Meselâ ellilik bir adamın on yaşındayken alınmış olan bir fotoğrafını ara sıra mevzû’ bulunduğu mevk’î-i ihtimamdan çıkararak ziyâret etmesi çocukçasına bir hıffet, garip bir iştigal, yahut yirmi beş yaşındaki şahsını karşısına alarak beş dakika hayât-ı cevânîsi (delikanlılık zamanları) ile yaşaması iâde-i şebâb (gençliğin geri gelmesi) kadar bir hayal değil midir? Bu menâzır-ı mazîyyeden fâniliğini istidlâl etmesi ise bir kâmilik bir nâkıstan istirşâda kalkışması kadar bir tenezzüldür… Çünkü bir dîde-i itibârın her an in’itâfında fâniyet-i aleme dair müsâdif olacak delîle arz-ı ihtiyâc eylemesi cidden şayân-ı ta’accüb olur.

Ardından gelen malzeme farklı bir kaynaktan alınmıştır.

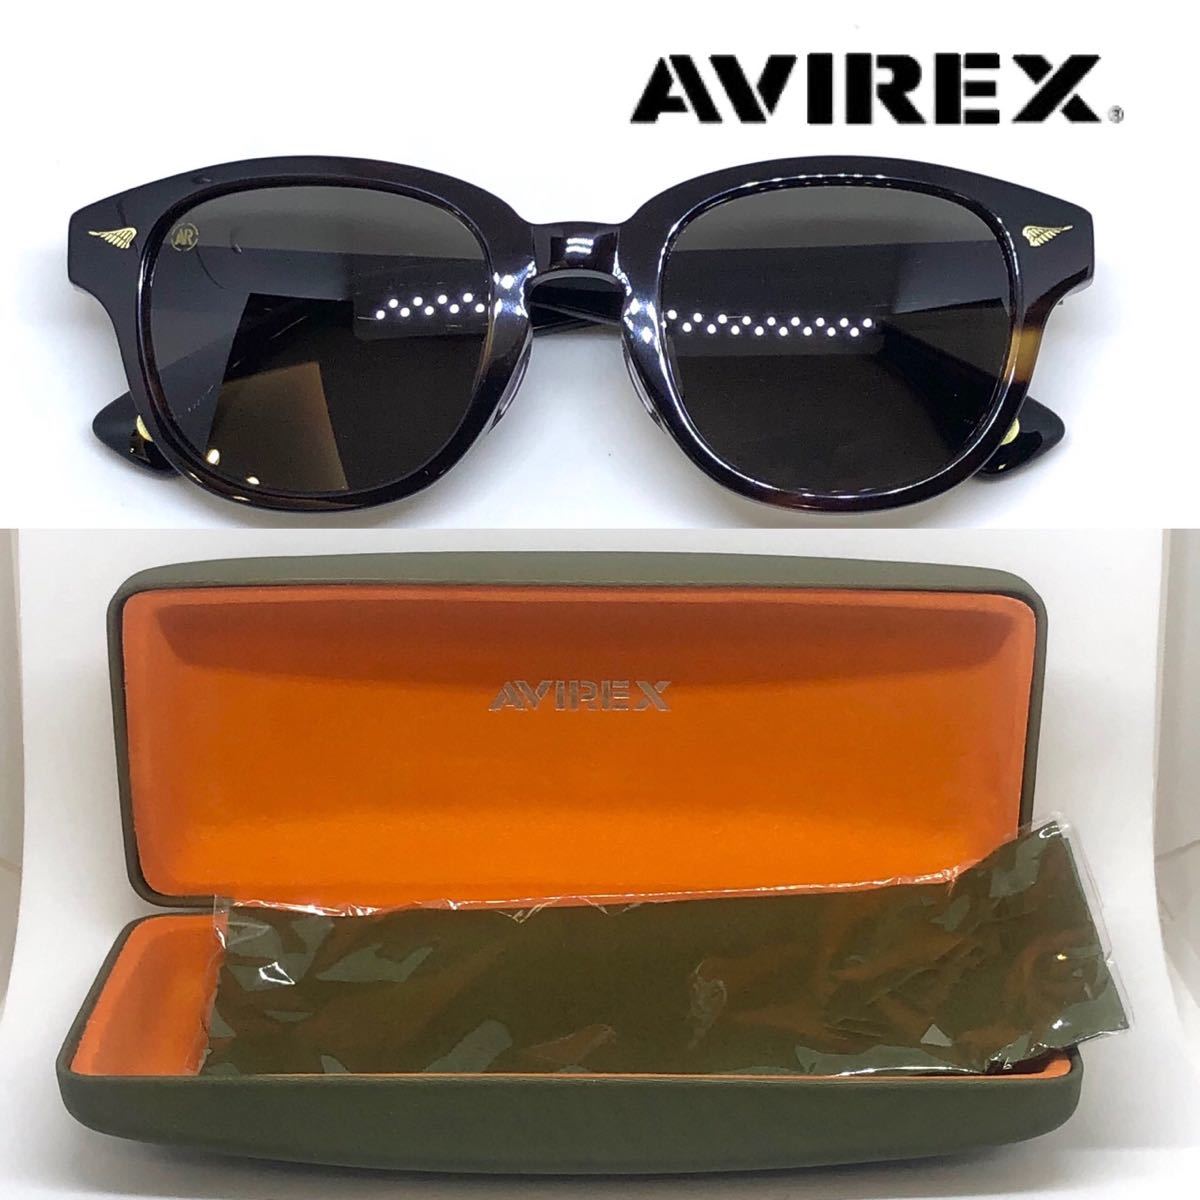 新品 送料無料 AVIREX アヴィレックス サングラス AR702 BRS/BLGR ブラウンササ レンズカラー スモーク MA-1_画像3

Sonra… Bir adamın ma ba’de’l-hayât ibkâ-i resm eylemesi elbette ibkâ-i ism etmek gibi mefahirden ma’dûd bir şey olamaz. Kezâlik bir insan için eslâfından birinin veya uzakta bulunan bir sevdiğinin fotoğrafını saklamakta sahiplerine ait hiçbir hürmet ve saklayan hakkında da tahassürden (özlem acısı) başka bir menfaat mutasavver değildir. Onun için “Ben ihtiramen falan zâtın fotoğrafını muhafaza ediyorum” denildiği zaman dikkat olunursa vazife-i ihtirâm fotoğrafın muhafazasıyla değil bu cümle-i kelâmiye ile ifâ edilmiş olur. “Ve’l-emvâtü ve ahyâ’dan her kim hakkında bir hiss-i hürmet-i müvâlât besleniyorsa o hissin hukûk-u vezâifine kavlen veya fiilen riayet olunmayarak sittîn sene bir fotoğraf karşısında perestiş edilse o fotoğrafın bundan bir şey anlamak ihtimâli yoktur.
Fotoğrafın fevâid-i mühimmesinden olmak üzere dermeyân edilebilecek bir suret daha var: Hükûmetlerin enzâr-ı taharrisinden (araştırma, soruşturma) ihtifâ eden bir takım canilerin derdest olunması hususunda ele geçen fotoğraflarından istifâde ediliyor. Evet. Lâkin bu fâide-i mezkûr fotoğrafların ele geçmesi gibi tesâdüfün lütfuna kalmış olan bir şeye mütevakkıf olduktan başka halka fotoğraflarını aldırmak tavsiyesi esnasında gösterilecek fâide fotoğraf sahiplerinin kendilerine ait olmak lazım geleceği için fotoğrafın fâidesi hakkında zikrolunan delîl ile müdde’a arasındaki irtibât-ı garâbet peydâ etmiş olur. Evet! Hükûmetler bazı erbâb-ı cerâimin sebîlini tahliye ederken ahvâl-i sabıkalarının tekerrürü ihtimaline mebni fotoğraflarını aldıktan sonra tahliye etmek lüzum ve zaruretini hissederlerse burası (الضرورات تبيح المحذورات) (ez-zarurâtu tubîhu’l-mahzûrât)(zâruretler haram olan şeyleri mübah kılar) hükmüne binâ edilebilir. Gelelim… İhtilaf için vesâik-i tarihiyye yerine geçmek üzere öteye beriye rekzolunan heykeller hiçbir vakitte muherrerât-ı tarîhiyyeden muğni olacak tefâsîli ihtiva edemez. Bu hususta ancak bir takım vekâ-yi kahramanlarının şahıslarını tanıtmak fâidesi kalır ki bu maksadın tahrîr-i eşkâl (biçimi, şekli yazıyla, sözle anlatmak) ile hâsıl olan miktarından ziyadesine hiç hacet olmadığı gibi bu usûl-i teşhîsin tahrîr-i eşkâl usulü kadar taammüme kabiliyeti de yoktur.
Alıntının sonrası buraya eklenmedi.